In an earlier post, I suggested that we can actually enjoy marketing when we’re able to tap into our natural compassion and concern for others. As I said, I think this often requires us to let go of the ways we protect ourselves from getting hurt when we interact with another person.
For example, if we’re at a networking event, and we’re worried that others won’t take seriously what we have to offer, maybe we’ll loudly brag about our products and services, not letting anyone get a word in edgewise. However, this tends to get us exactly what we don’t want — people we interact with feel annoyed and don’t want to buy from us.
It would be nice if we could simply drop all these self-protection strategies and “get real.” Unfortunately, it isn’t usually that easy. Many of us developed these strategies a long time ago, and have been relying on them for a long time to get through life. Thus, they’ve become unconscious and habitual — we no longer even notice we’re using them.
How do we get conscious of the ways we’re sabotaging ourselves? In this post, I want to offer an exercise I’ve found very helpful in creating this kind of awareness. It’s simple, but it can be surprisingly intense and revealing.
You’ll need a partner to do this exercise. Stand across from each other and make eye contact, remaining silent for a few minutes. As you face the other person, silently ask yourself a few questions:
1. Where am I tense? Bring your awareness into your body, and notice any tight places. For example, maybe your shoulders are tensing up, as if you’re about to be attacked and you’re preparing to defend yourself. Perhaps you find your lips curling into a strained grin, as if you need to please the other person or convince them everything’s okay.
2. What am I afraid they’ll do? Are you worried that the other person will do something hurtful? Maybe, for instance, they’ll turn their back and ignore you? Yell at you and accuse you of screwing up? Deceive you and take advantage of you in some way?
3. How do I want them to see me? What do you want the other person to think about you? For example, perhaps you want them to think you’re totally calm about doing this exercise? That you’re “nice” and not dangerous to them? That you’re tough and you can protect yourself if need be?
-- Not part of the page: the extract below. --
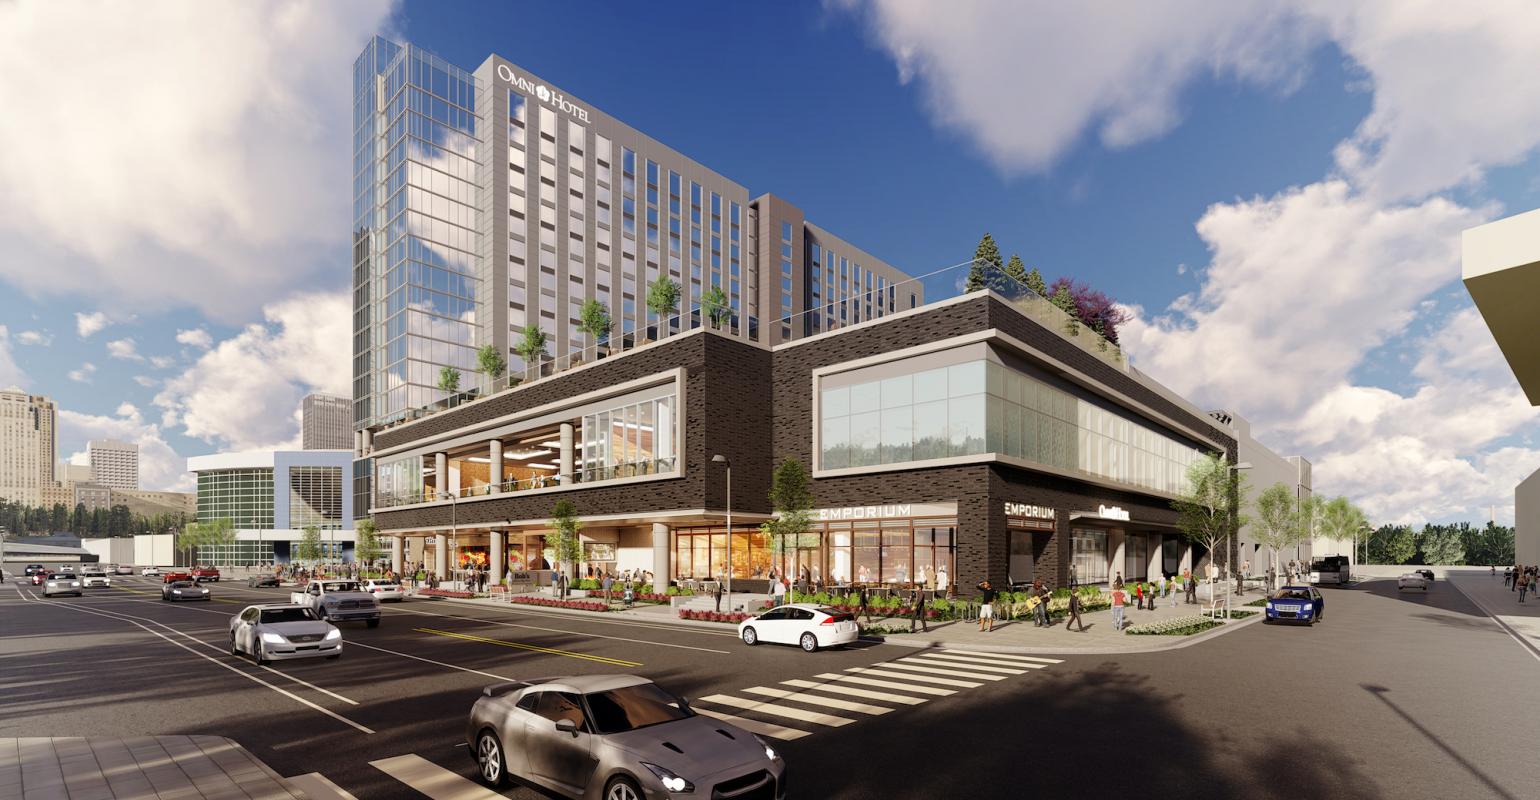 Omni Invests in OKC, Breaks Ground on Convention Property | MeetingsNet

4. What do I want them to do? Is there something you want (or maybe even need) from them right now? Do you want them to smile at you? Or maybe you just want them to go away and leave you alone?
Now, consider the possibility that you’re bringing exactly the same attitudes and desires into every interaction. If you’re feeling afraid of the other person, for example, you’re probably feeling afraid of a lot of people you deal with in your daily life.
As you might imagine, this exercise is often uncomfortable. If you don’t like “awkward silences” in conversations, you sure won’t enjoy this! However, the awareness it can create is invaluable. Often, just realizing the ways you’re tensing up, protecting yourself from the other person, trying to convince them of something, and so on is enough to help you let go of those strategies.
As Fritz Perls, the creator of Gestalt therapy, put it, awareness by itself is transformative.